# WORK TASK:
Set down again exactly the lines of the listing below that fall between the line holding "Garmin Zumo 660 Tasche" and the line holding "3D-Rendering Des Inneren", inclusive.

═══ RECORD EXTRACTS ═══

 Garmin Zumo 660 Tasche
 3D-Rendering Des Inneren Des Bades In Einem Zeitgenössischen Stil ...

═══
═══ RECORD EXTRACTS ═══

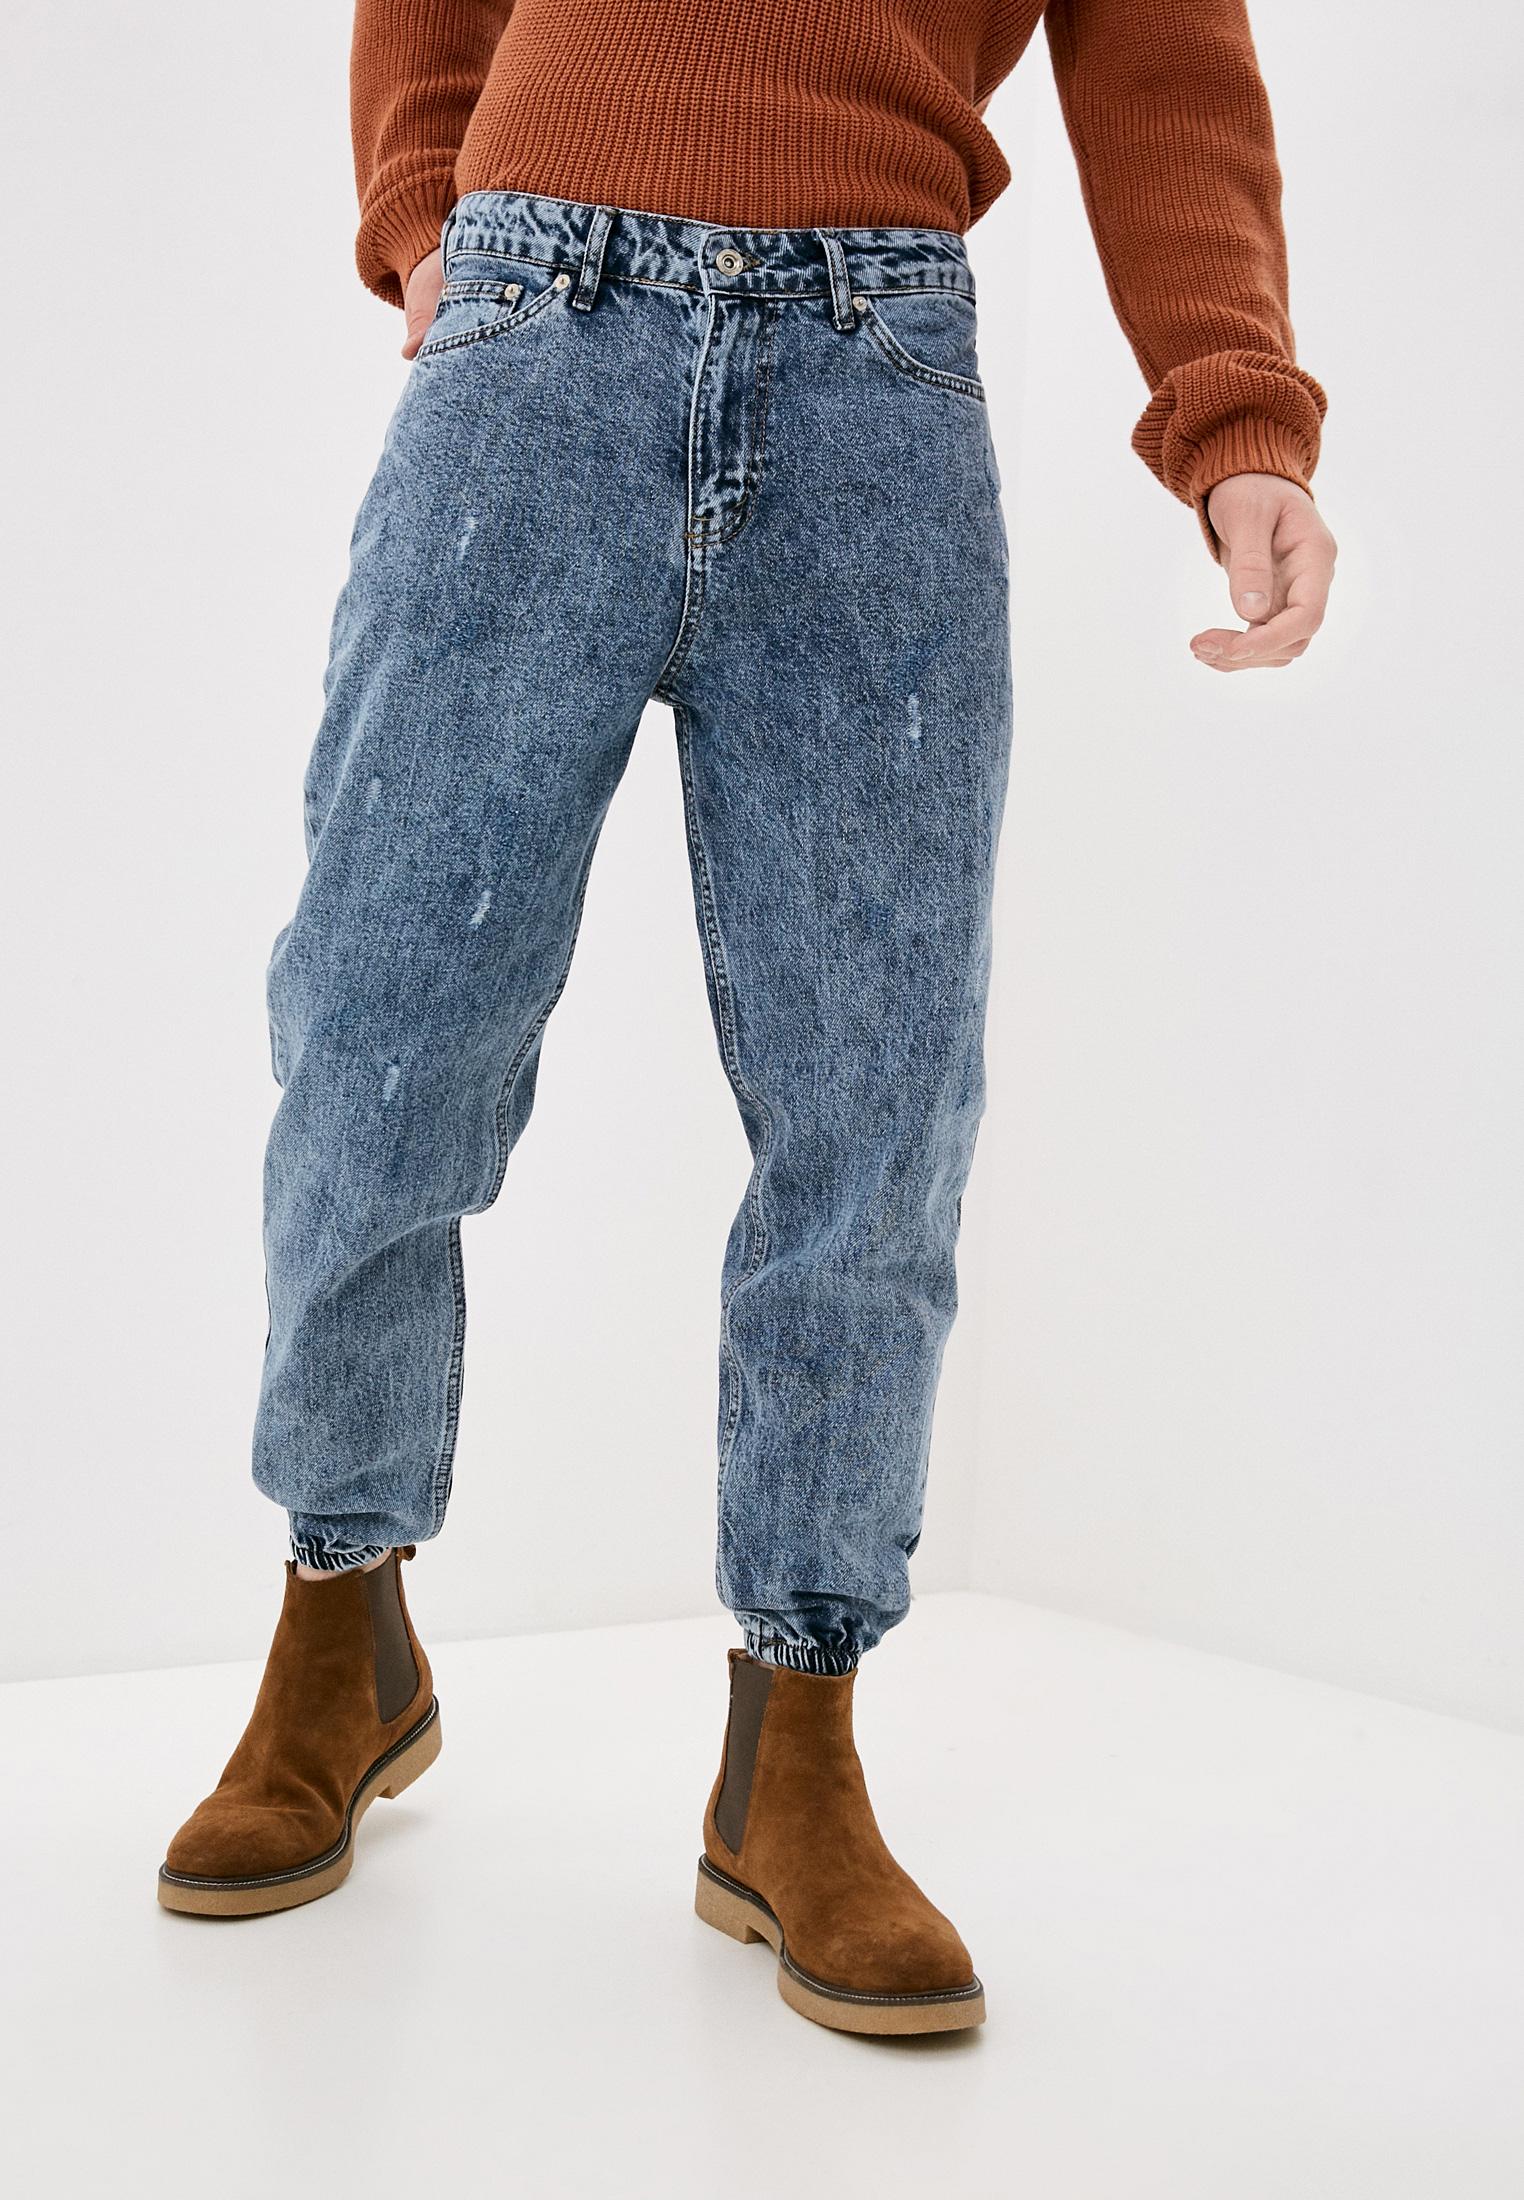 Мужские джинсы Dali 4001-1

═══

# TASK OUTPUT:
 Garmin Zumo 660 Tasche
 3D-Rendering Des Inneren Des Bades In Einem Zeitgenössischen Stil ...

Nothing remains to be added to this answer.